Ses mots me paraissent lointain. Je les connaît, mais n’arrive pas à en comprendre le sens.
Le manque, l’amour… ça me fait peur, et ça m’attire, ça serait une découverte, mais peut-être irrémédiable.
Que dirait les Démons si je devenais faible à cause des sentiments que j’aurais dû effacer ?
Que savaient-ils des sentiments ? Après tout, c’est peut-être elle, devant moi, qui se trompe.
L’amour comme une illusion, deux êtres aimantés pour combler leurs faiblesses respectives.
Etre enchaîné mentalement à quelqu’un, au combat comme en paix, ça ne peut être qu’une perte de temps, ou pire, de force.

Si je m’y intéresse, c’est que je pourrais l’utiliser contre les autres…
C’est forcement ça.

Elle en parle comme d’un bonheur, et moi comme d’une maladie. En théorie, elle en sait plus que moi, alors elle doit avoir raison.
C’est peut-être les deux en fin de compte. Elle est éblouie pace qu’elle est atteinte, et moi aveuglé parce que je n’y connaît rien.

C’est insoluble.
J’ai tant à lui demander.
Mais je suis Impératrice désormais… Je dois m’en montrer digne et ne pas m’abaisser aux futilités de la Surface.
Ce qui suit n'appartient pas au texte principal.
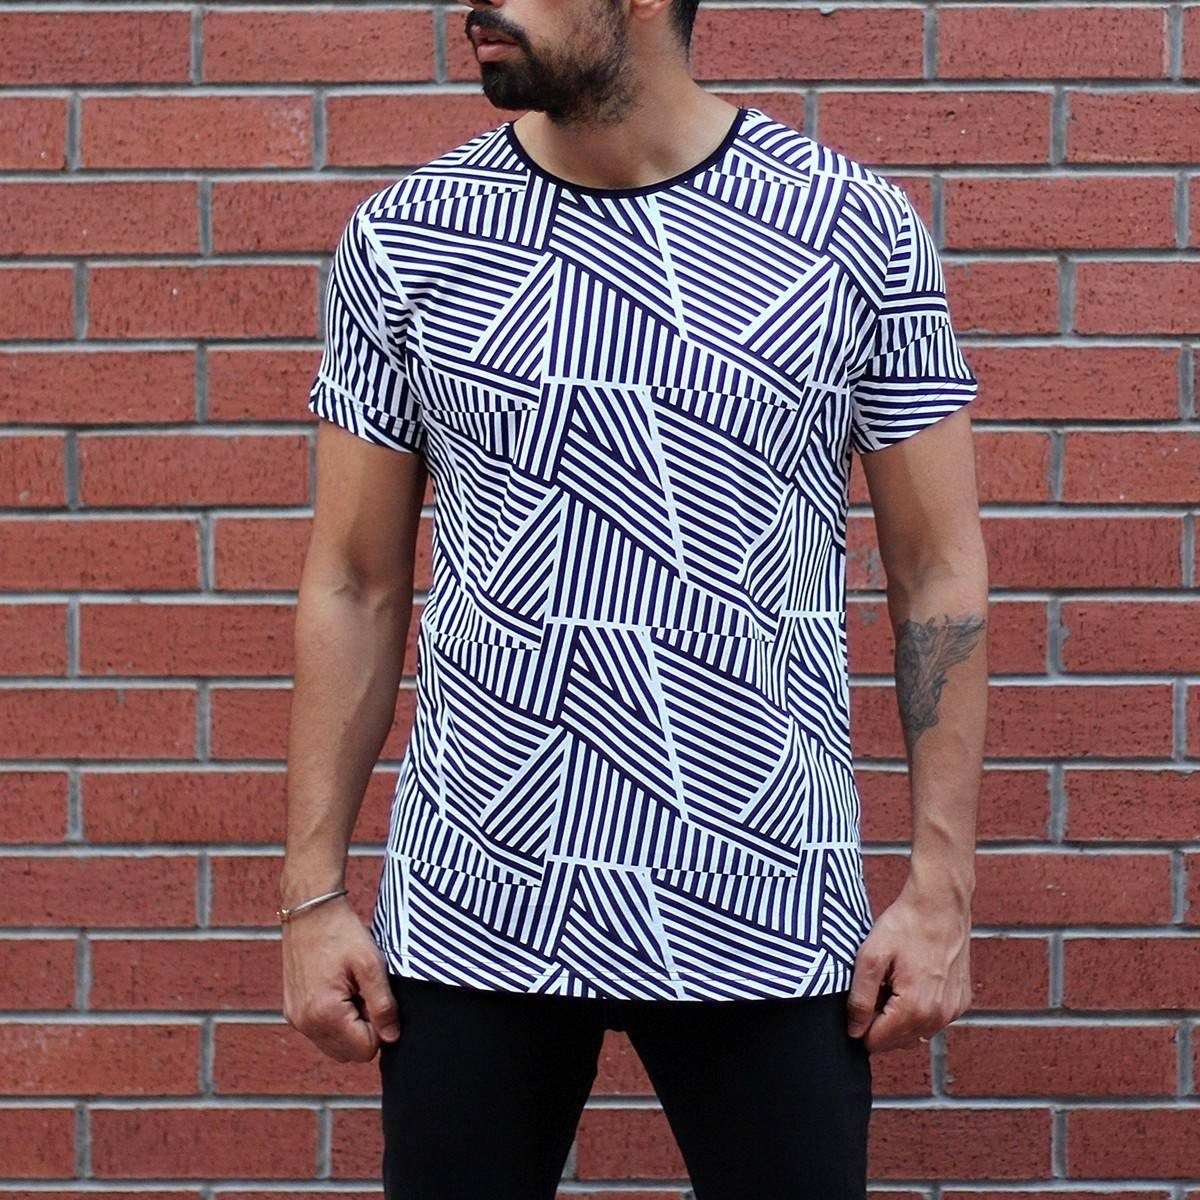 Men's Crew Neck Striped T-Shirt Black&White MV T-shirt Collection - 2

Les Gardiens que j’ai emprisonné dans le Hall sont amoureux. Eyleen aussi. Qui d’autre encore ?
Moi ?



Je comprends…

Je mens, mais il me restera au moins cette dignité. A présent, j’aurais le temps de la comprendre, et je résoudrai ce… problème.

J’espère.
Je sors, sans un mot.
Même sans comprendre, ça m’a touché.


Eyleen, pourquoi je tiens tant à t’avoir ?.. dis-je dans un murmure, en regagnant ma chambre.